Michael Morton will never forget the moment he won $100,000 by catching a cricket ball.
His Waipā real estate colleagues, fellow volunteer fire brigade members and mates from St Peter’s Catholic and St John’s College remind him “all the time”, particularly this month.
The catch made ESPN Sport Channel’s plays of the day, a packed house roared in appreciation and thousands of television viewers watched as the bespectacled young man wearing an orange t-shirt plucked the ball – which had been hit for a six – out of the air with his right hand.
Ten years on Michael, 38, a Cambridge property manager, describes the moment as “life-changing”. He used the money to put down a deposit on the house he and wife Nicola still own in Leamington where they live with daughter Reagan, now 16.
It was Wednesday January 8, the Black Caps were playing the fifth and last one dayer against West Indies in a day-night game at Hamilton’s Seddon Park.
Dominion Breweries had come up with a competition running throughout the 2013-14 season against the West Indies and India. Spectators who bought and wore Tui t-shirts and lanyards were eligible to win $100,000 provided they caught a six in one hand.
Five games in, no one had come close – even at Queenstown on New Year’s Day where Corey Anderson pummelled 14 sixes over the boundary.
Michael swapped his day off from Forlongs in Frankton where he worked in the sports department.
He gave blood and plasma at New Zealand Blood Service in the morning and with a bandage around his right elbow protecting the wound he met up with father Peter at the cricket.

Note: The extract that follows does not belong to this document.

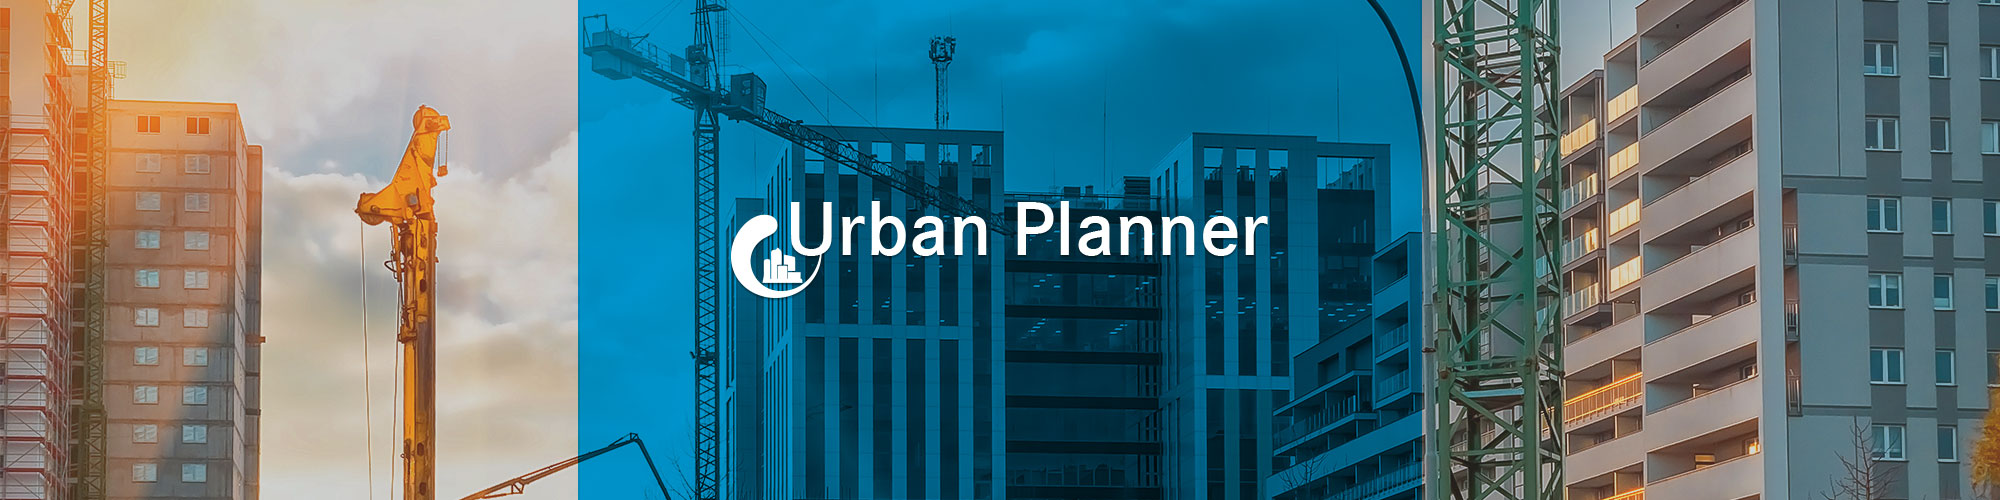 Ingeea Urban Planner
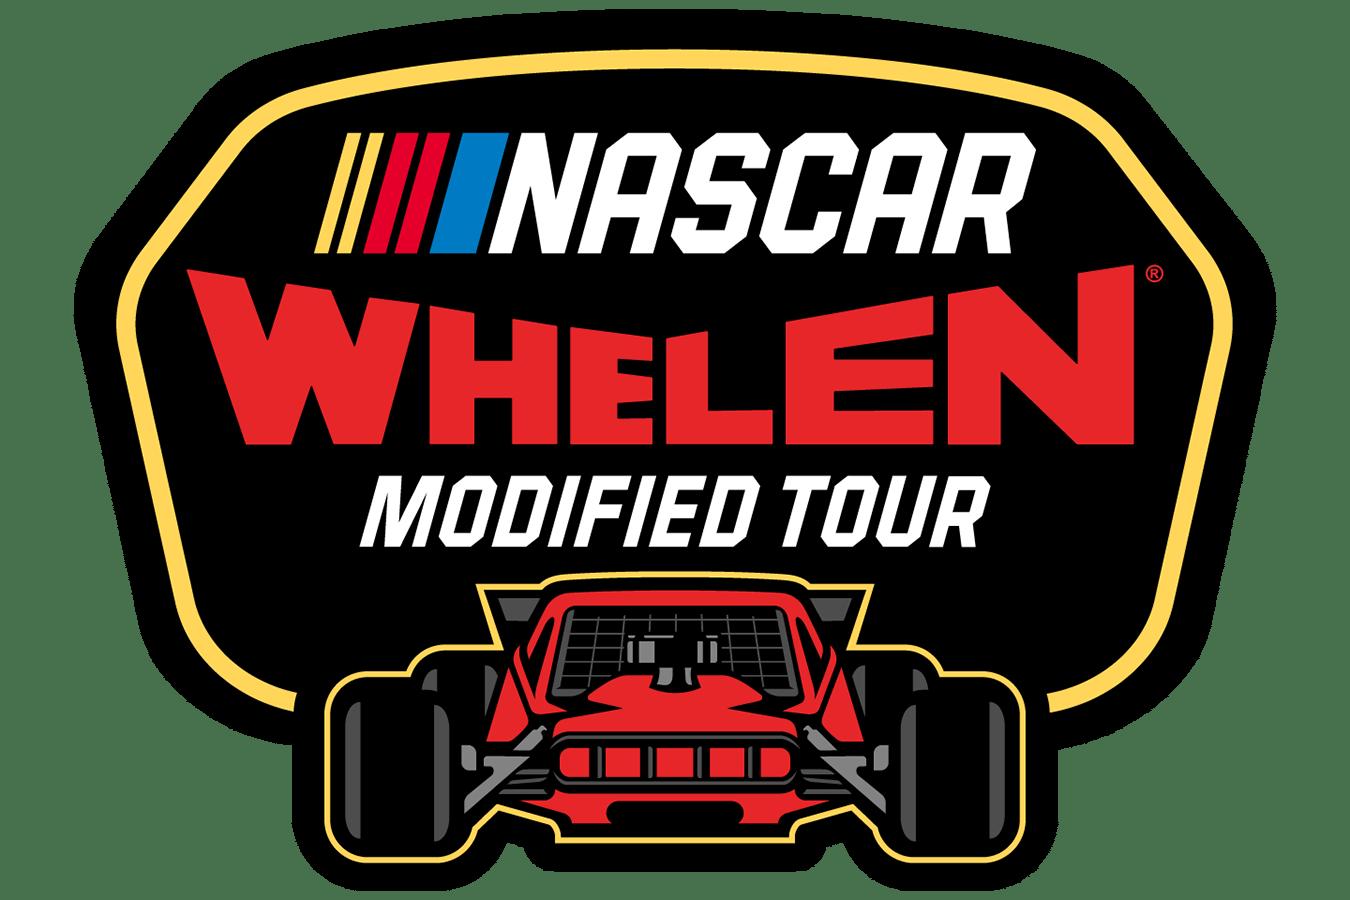 Race car tire clipart banner freeuse stock Whelen Modified Tour – NASCAR Home Tracks banner freeuse stock

They got there early, before the 2pm start, picked the lanyards up at the gate and sat on the lake side embankment.
Nicola had made some pies for them and five overs in Peter started tucking into one of them and was part way through it as Black Caps left armer Mitchell McClenaghan ran in to bowl the third ball of the over to Kieran Powell.
The classy left handed West Indian dispatched the ball over the boundary to bring up the tourists’ 50 runs.
“He sure whacked it. It came straight to me. It never looked like going anywhere else,” said Michael, who aside from wearing the orange T shirt, was also wearing jandals and stubbies.
Peter, a Cambridge chartered accountant for years and father of five, shouted to him that the ball was coming.
“I stood up, I didn’t even have to stand all the way up and it went straight in. I was never going to try catching it with two hands. The good thing was he hit it quite flat, because a lot of them they hit really high and gives a chance for lots of people underneath, shoulder to shoulder. It just stuck.”
Michael’s reaction was classic. He spun around and put two arms into the sky, the cricket ball still in his right, bandaged arm.
Peter thrust his left arm skywards with the pie still in the other hand. The crowd rushed to congratulate Michael and his father, chewing furiously, slowly got up to give his son a high five.
Michael threw the ball back and the game continued. A few overs later he was interviewed by commentator Mark Richardson and in an obvious sign he knew his cricket, referred to the former Black Cap as ‘Rigor’, a shortened version of Rigor Mortis because he was such a slow batsman.
Michael had been a classy spin bowler throughout school, played representative cricket for Hamilton and been at Northern Districts’ trials. He no longer played the game but was still an avid fan.
Other media attention followed. The story went global. Michael and Peter were invited into a corporate box and shortly afterwards Nicola turned up having been alerted by friends of the catch.
They left before the match was over – West Indies won by 203 runs to square the series – and went to celebrate with family and friends in Cambridge where they watched the clip “over and over again.”
The catch is on You Tube – just put in “Michael Morton catch”.
He never gets sick of being reminded. “Why would I mind? It’s a happy memory. It’s a pretty good story to tell for the rest of your life.”